Increased susceptibility to infections, high fever that does not disappear even with antibiotics, fatigue, difficulty in breathing, paleness, hemorrhagic syndrome. These are the most common symptoms of acute myeloid leukemia, a neoplastic disease of the bone marrow that affects about 3-4 people per 100 thousand inhabitants. “There are about 2,000 people a year in Italy affected by the disease which, if not treated, leads to death. In particular the elderly, it is no coincidence that the average age of onset is 68 years. But these patients are the most difficult to cure for two reasons: acute myeloid leukemia in the elderly, compared to that of the young, is intrinsically more aggressive, and from the point of view of therapies those who are older tolerate them less “. So at Adnkronos Salute Roberto Cairoli, director of the Hematology Department of the Niguarda Hospital in Milan, on the occasion of the month dedicated to raising awareness on blood cancers.
From the point of view of treatments “we are in a moment of great ferment – underlines the hematologist – because until recently we had only a few classic chemotherapy drugs available, which in any case gave great satisfaction”. The therapy for acute myeloid leukemia “is divided into different phases – explains Cairoli – The first phase is the so-called induction therapy, whose goal is the apparent disappearance of the disease. If after this phase a consolidation therapy is not given. disease returns in a short time. In induction therapy two chemotherapy drugs (anthracyclines and Ara-C) have been used since 1973, which together induce a complete remission in about 60% of cases, with a chance of survival to 5 years of 50% in younger patients “.
Many others have been associated with these drugs, especially in recent years – continues the specialist – Some are ‘molecular target’ drugs, that is, they affect a biological characteristic identified in the malignant cell, inducing its death. There is a combination of drugs which is particularly important in the care of the elderly patient. This therapy is based on inhibitors of BCL2, a substance that is overexpressed inside the leukemia cell, in association with hypomethylating chemotherapy (the DNA of the leukemia cell is pathologically hypermethylated). these drugs induce a remission of the disease in 60% of elderly patients, results that have never been seen before. Therefore the mix modernly adopted in the elderly patient is the association of a hypomethylating drug with a BCL2 inhibitor called venetoclax ” . The ‘defect’ of this therapy “is that it is not of a fixed duration. It is in fact a continuous therapy, this means that the patient 7 days a month must go to the clinic to undergo the treatment. Then there are several other substances that in various combinations have improved the survival of acute myeloid leukemia patients, both young and elderly. ”

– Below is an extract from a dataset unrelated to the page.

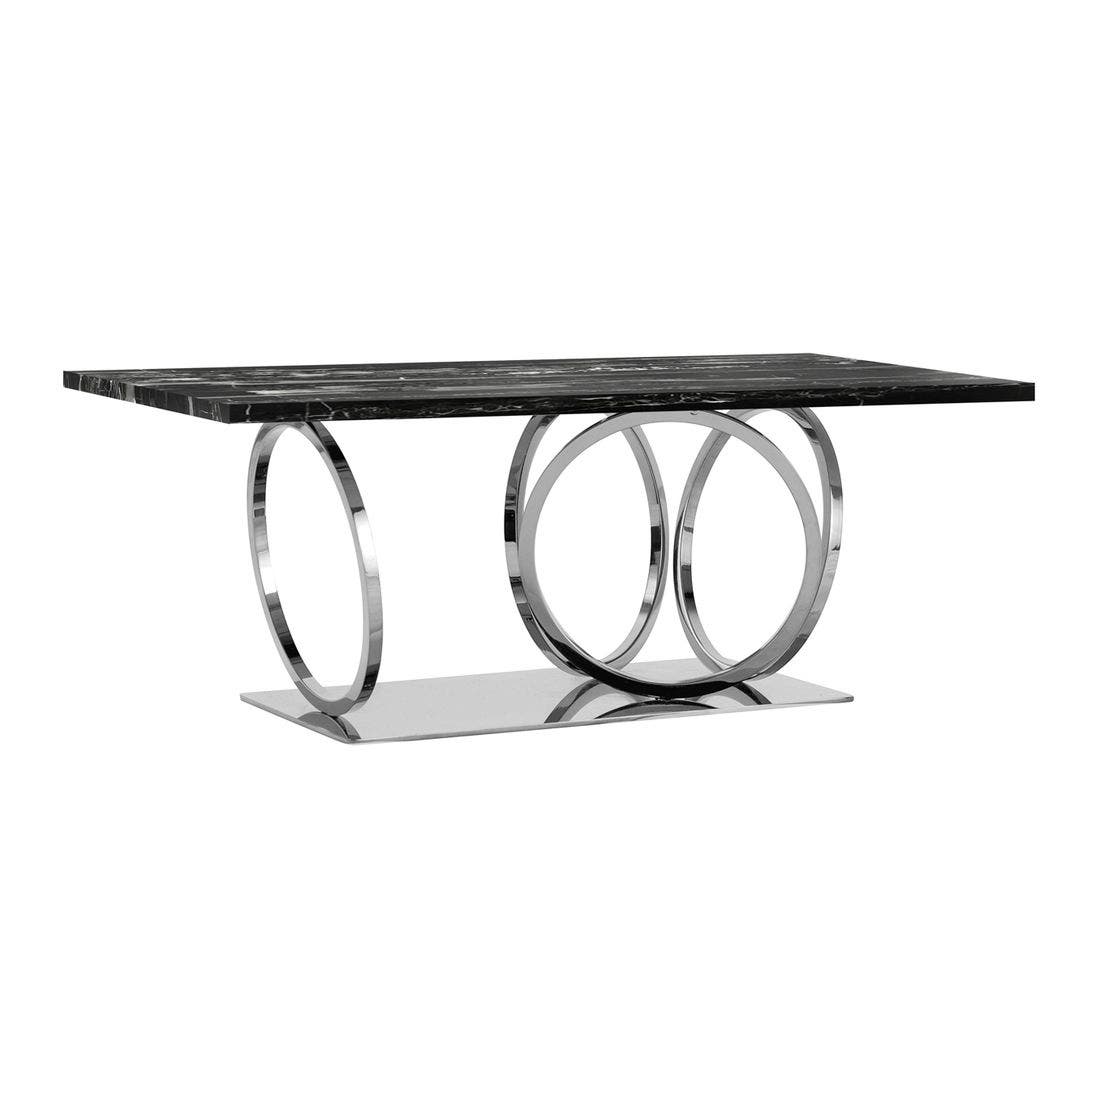 59021660-base-sb04-s-furniture-dining-room-dining-tables-01

When the disease is in the active phase “the patient is generally hemorrhagic, febrile and anemic – continues Cairoli – So he has to have blood and platelet transfusions, he is very ill. The goal of therapy is instead to improve the quality of life of who is affected by acute myeloid leukemia, but to do so you must first make the patient independent of transfusion support. If you have a fever or an intercurrent infection, our job is to improve the number and performance of white blood cells, so that these intercurrent episodes and the fever can disappear. With no more fever and no more having to resort to transfusions of red blood cells and platelets, even if the patient has to periodically go to the clinic for treatment, his quality of life improves enormously “. It must be said, however, that “we do not get this result in 100% of patients – specifies the hematologist – but in over half of the cases”.

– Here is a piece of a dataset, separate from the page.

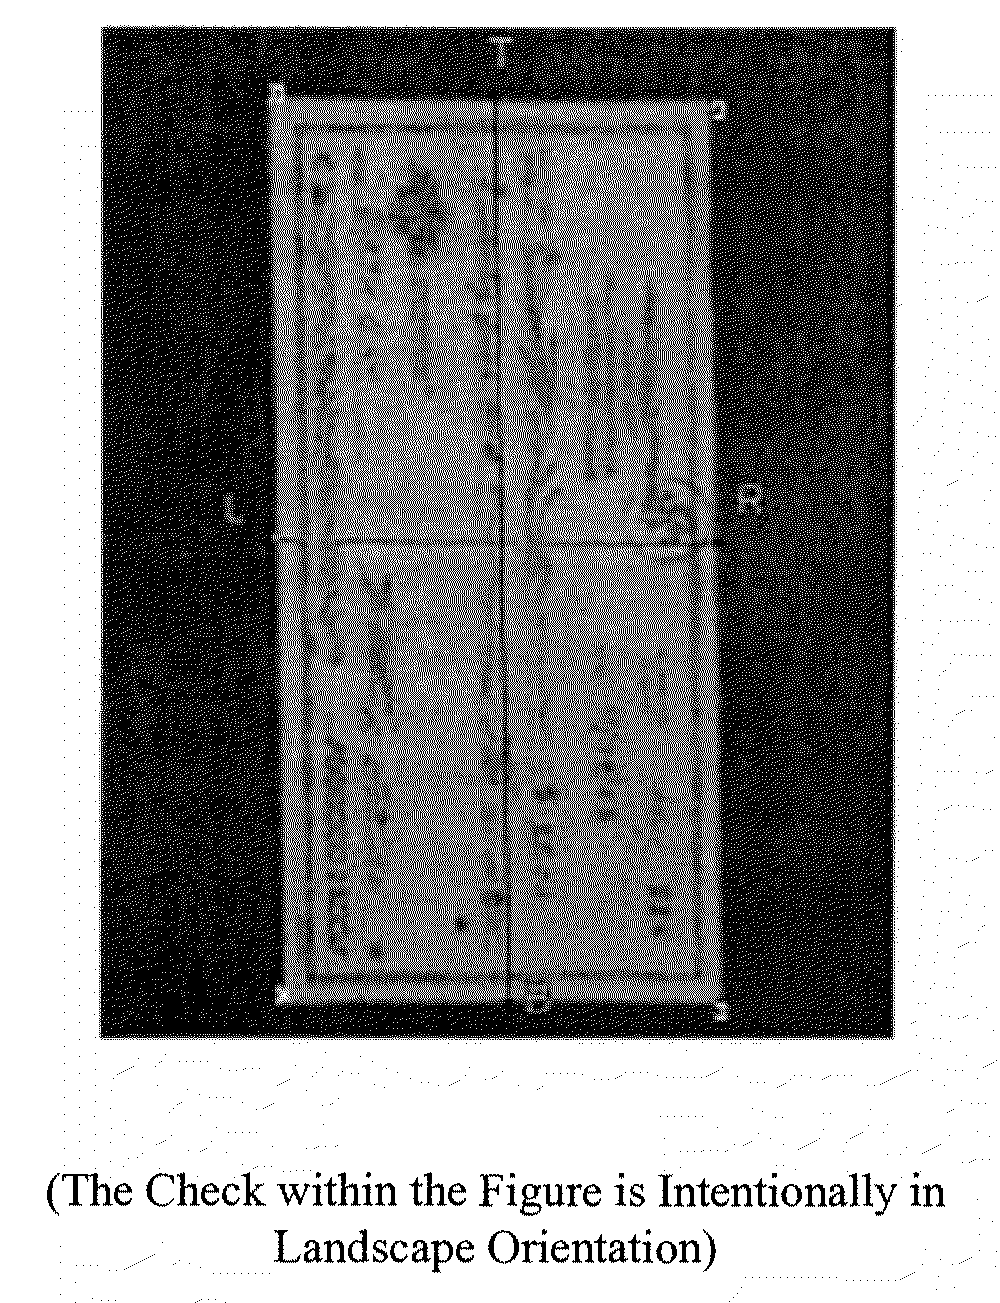 Methods for mobile image capture and processing of checks

The therapy that associates a hypomethylating drug with venetoclax “produces results that we have never seen in terms of remission, but it is a continuous therapy – Cairoli reiterates – Venetoclax is taken by mouth while hypomethylating therapy is done subcutaneously 7 days every 28 at a hematology clinic. In the future it will be possible to take the therapy directly at home: research is working hard to achieve this goal “.